Домой царя привели южные дела; и он уже знал, как за них приниматься. Наконец-то можно начинать. В Дельфах нечестивые фокийцы, измученные войной и сознанием вины своей, набросились друг на друга, словно бешеные псы. Они хорошо попользовались деньгами, которые чеканили, переплавляя храмовые сокровища, чтобы платить солдатам. А теперь далекоразящий Аполлон добрался-таки до них. Ждать он умел; но в тот день, когда они полезли за золотом под самый Треножник, — он послал им землетрясение, а потом — панику, яростные взаимные обвинения, высылки, пытки… Проигравший вождь с остатками своих сил удерживал теперь только опорные пункты у Фермопил. Он уже сейчас в отчаянном положении, скоро с ним можно будет управиться. Афинские подкрепления гарнизону своему он отослал назад, хотя это были союзники: боялся, что его выдадут победившей партии. Скоро он окончательно дозреет. Царь Леонид там наверно корчится под своим могильным курганом, — думал Филипп.
«Путник, проходящий мимо, ты пойди скажи спартанцам…»
Ты пойди скажи им всем, что через десять лет вся Греция будет подвластна мне, потому что ни города друг с другом договориться не могут, ни люди; никто не верит никому. Они забыли даже то, чему учил их ты, Леонид: как надо сражаться и умирать. Мне их и побеждать не придётся; они уже побеждены завистью и жадностью. Они пойдут за мной — и будут гордиться этим; под моим владычеством они вернут себе гордость.

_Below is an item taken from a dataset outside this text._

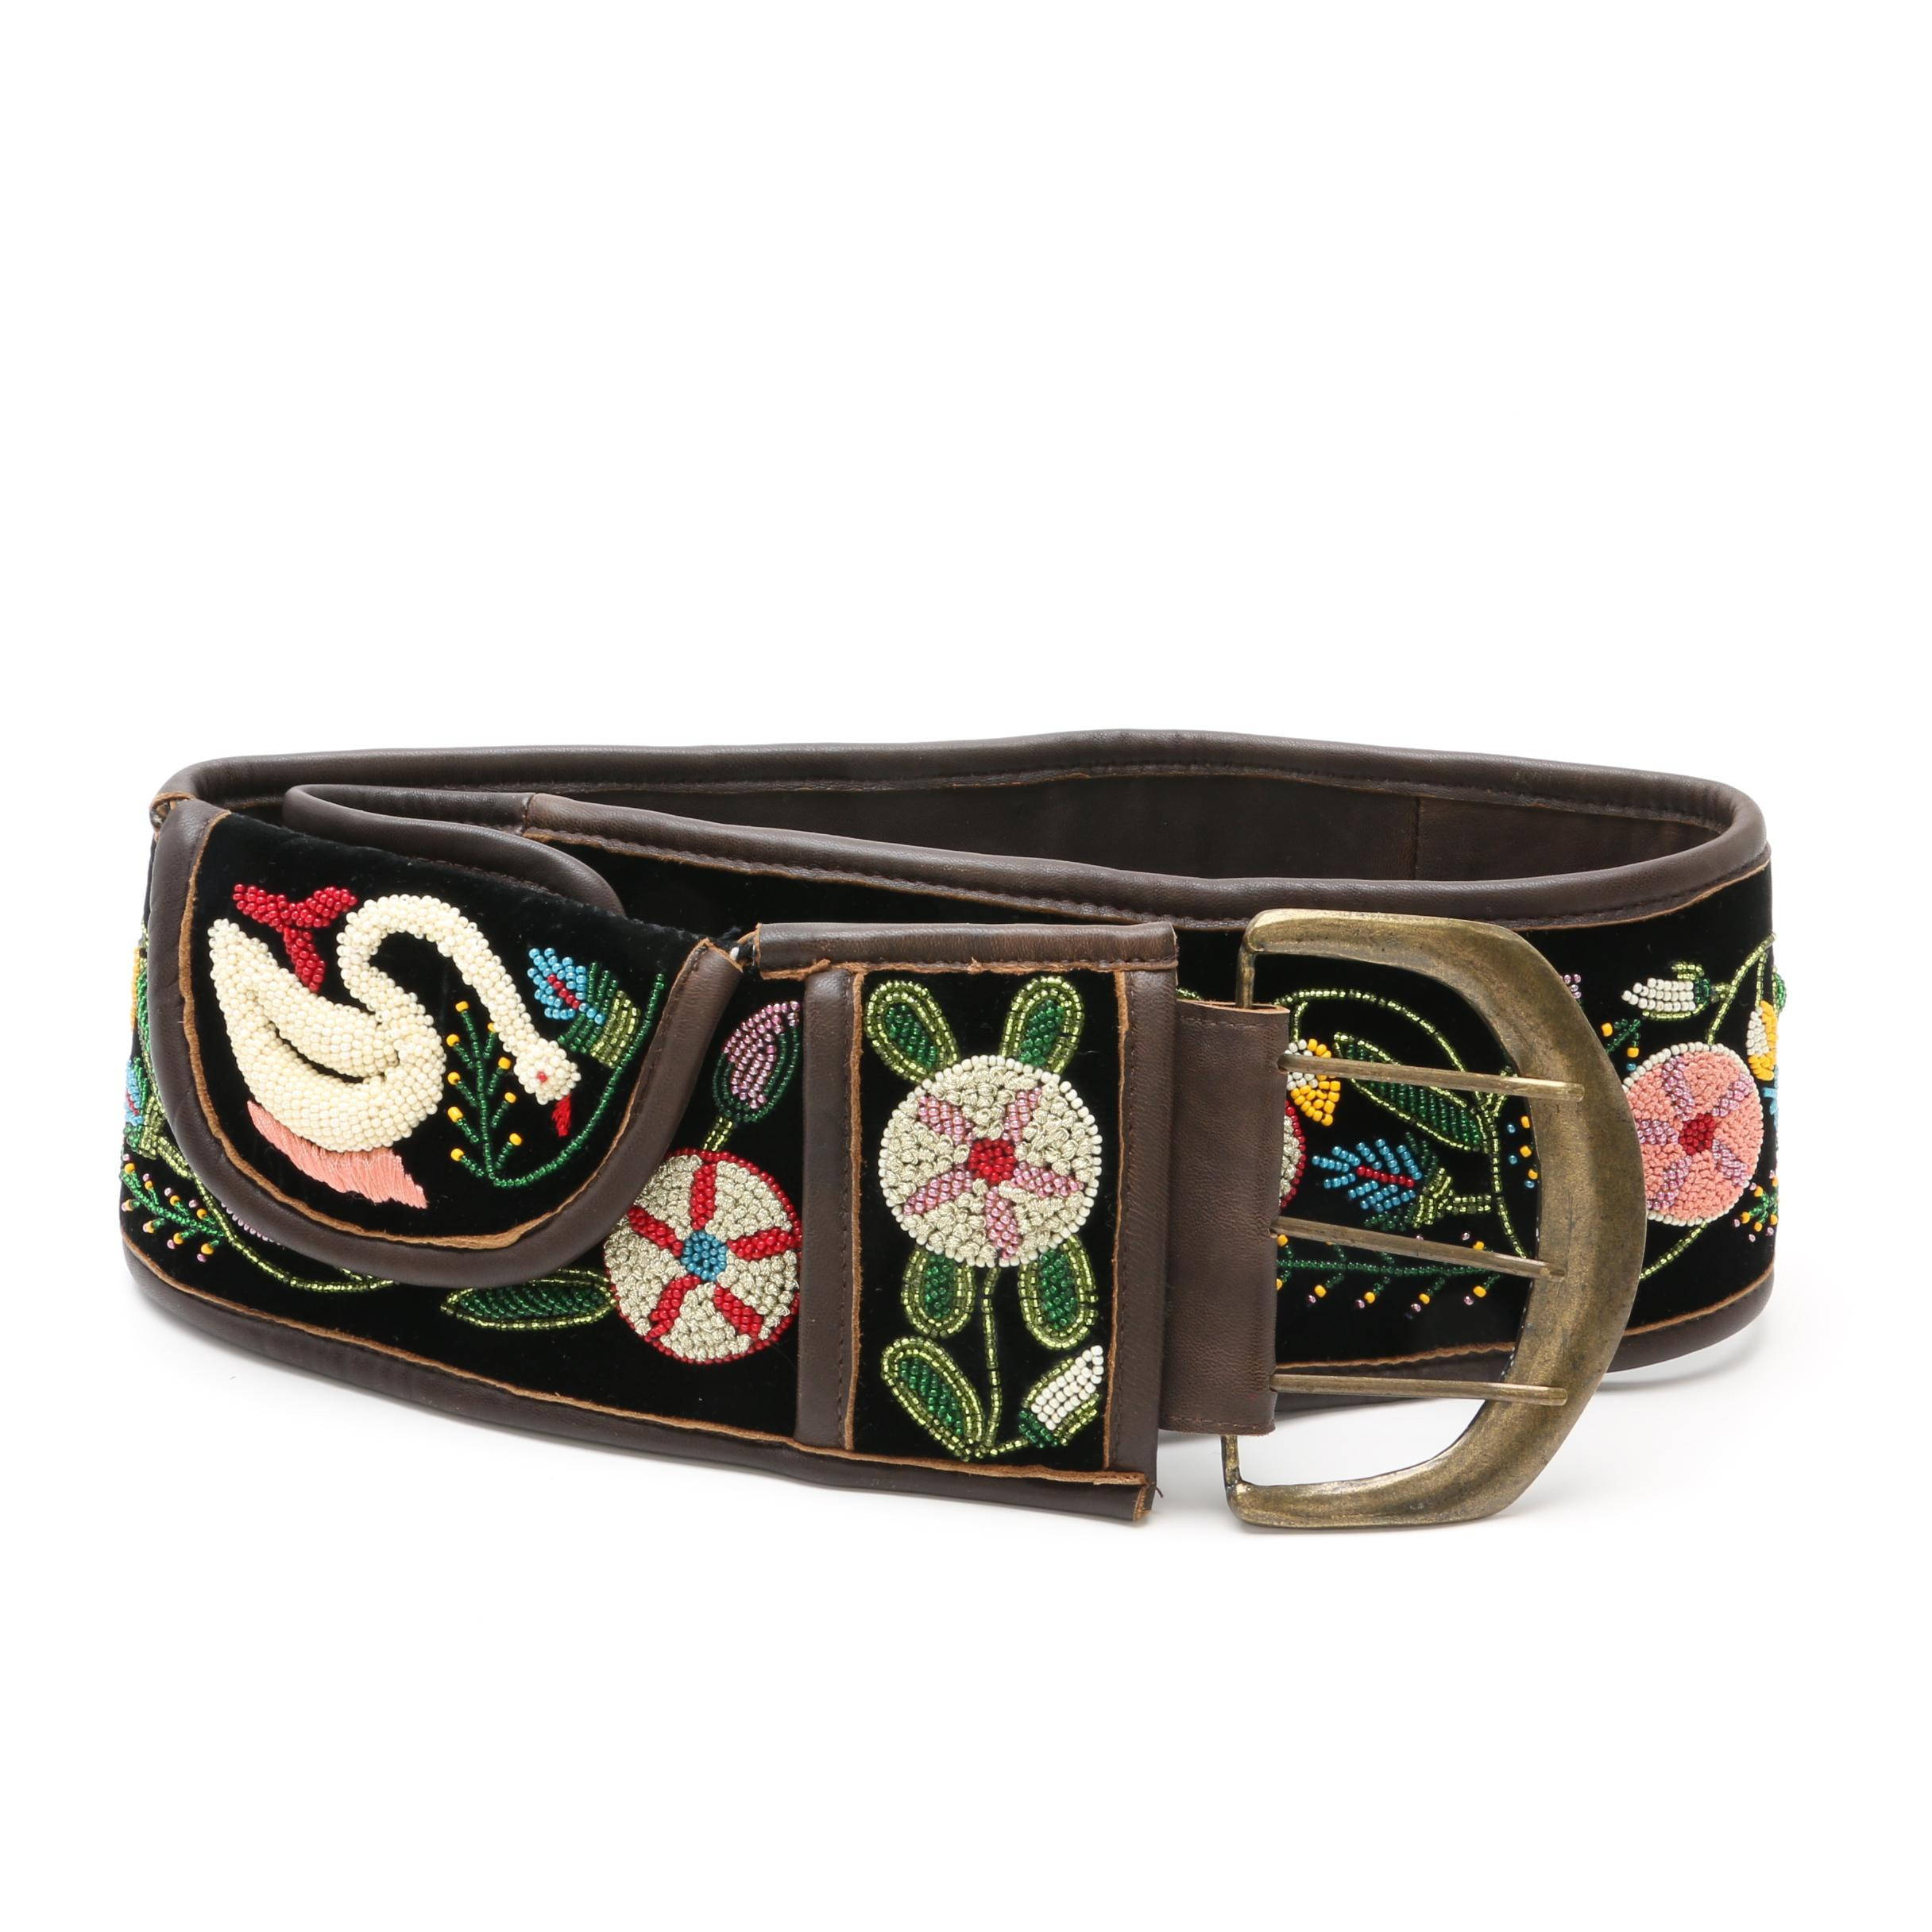 Double D Ranch of Yoakum, Texas Leather and Velvet Beaded Belt

Они будут рассчитывать на меня, чтобы вёл их; а их сыновья — на моего сына…
Эта мысль напомнила ему, что он посылал за мальчиком уже довольно давно. Он конечно придёт, когда его отыщут; нельзя ждать от девятилетнего мальчишки, чтобы тот постоянно сидел у себя. Филипп снова вернулся мыслями к письму.
Он ещё не успел закончить с письмом, когда услышал из-за дверей голос сына: тот здоровался с его телохранителем. Сколько десятков — или сотен — людей знает мальчик по имени? Этот-то в гвардии всего пять дней!..

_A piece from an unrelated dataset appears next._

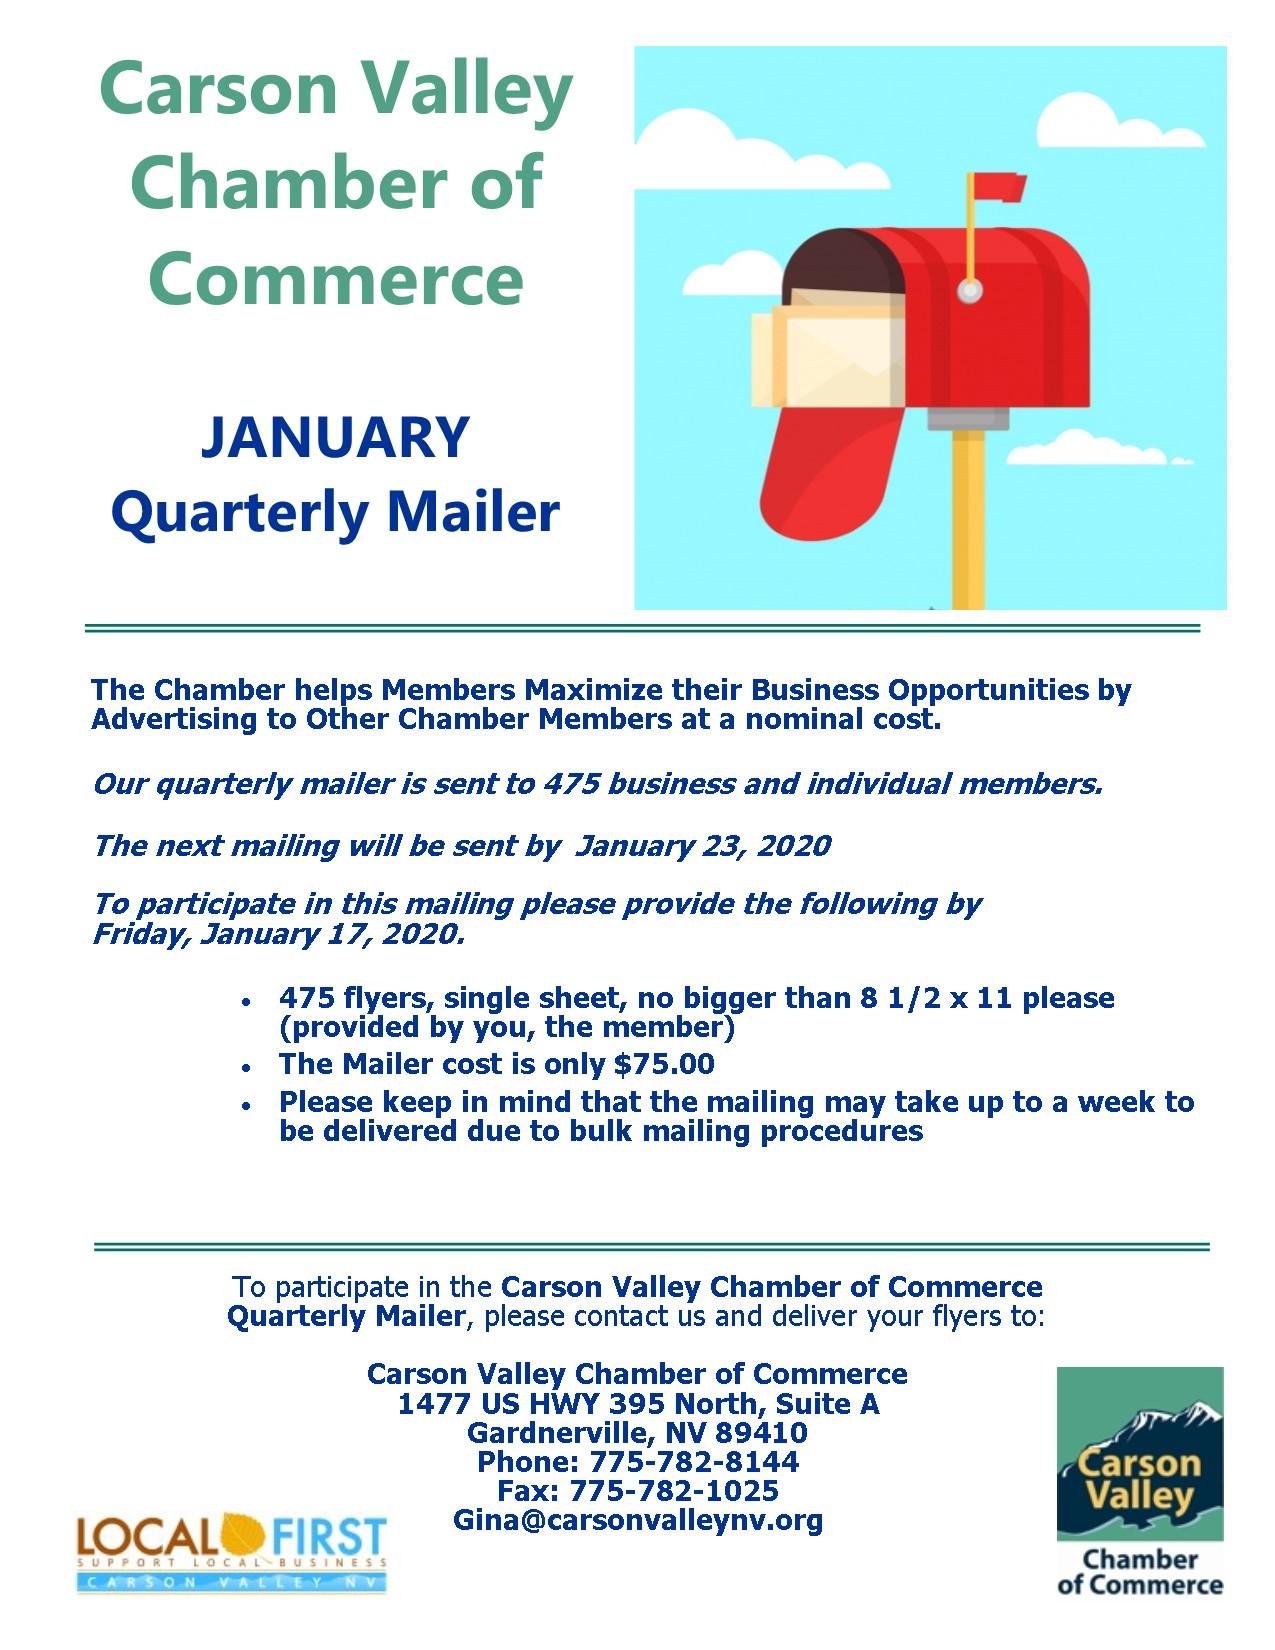 January Quarterly Mailer Flyer 2020

Открылись высокие двери. Меж ними он казался совсем маленьким. Яркий, ладный; босые ноги на холодном мраморном полу; руки привычно сложены под плащом — но не для того, чтобы их согреть, а в хорошо заученной позе скромного спартанского мальчика, которой научил его Леонид… В этой комнате, рядом с бледными книжниками, отец и сын смотрелись — будто дикие звери среди ручных. Смуглый солдат, выдубленный почти до черноты, — на руках шрамы, на лбу светлая полоса, оставленная кромкой шлема, слепой глаз смотрит молочно-белым пятном из-под полуприкрытого века, — и мальчик у двери: на загорелой шелковистой коже ссадины и царапины мальчишьих приключений, а рядом с его взъерошенной густой шевелюрой позолота Архелая кажется тусклой и запыленной. Домотканая одежда его, когда-то мешавшая, давно уже выцвела и стала мягкой от многочисленных стирок, покорилась хозяину; и теперь смотрелась совсем естественно, как будто он сам её выбрал, с нарочитой надменностью. А серые глаза, освещённые холодным заходящим солнцем, скрывали какую-то тайную мысль.
— Войди, Александр.
Он и так уже входил; Филипп сказал это только для того, чтобы быть услышанным, негодуя на отчуждённость во взгляде. Но Александр подумал, что ему позволили войти, будто слуге. Румянец от ветра на улице схлынул с его лица; кожа казалось посерела, потемнела… Только что, возле двери, он успел подумать, что Павсаний, новый телохранитель, красив той красотой, на которую так падок его отец. Если из этого что-нибудь последует, то какое-то время новой девушки не будет. Бывает такой взгляд — когда тебе смотрят в глаза или наоборот, не смотрят, — что сразу узнаёшь, это уже случилось, или ещё нет. Тут ещё нет.
Он подошёл к столу и остановился, руки по-прежнему под плащом. Но один элемент спартанских манер Леонид так и не смог в него вколотить: он не должен был поднимать глаз, пока старший к нему не обратится.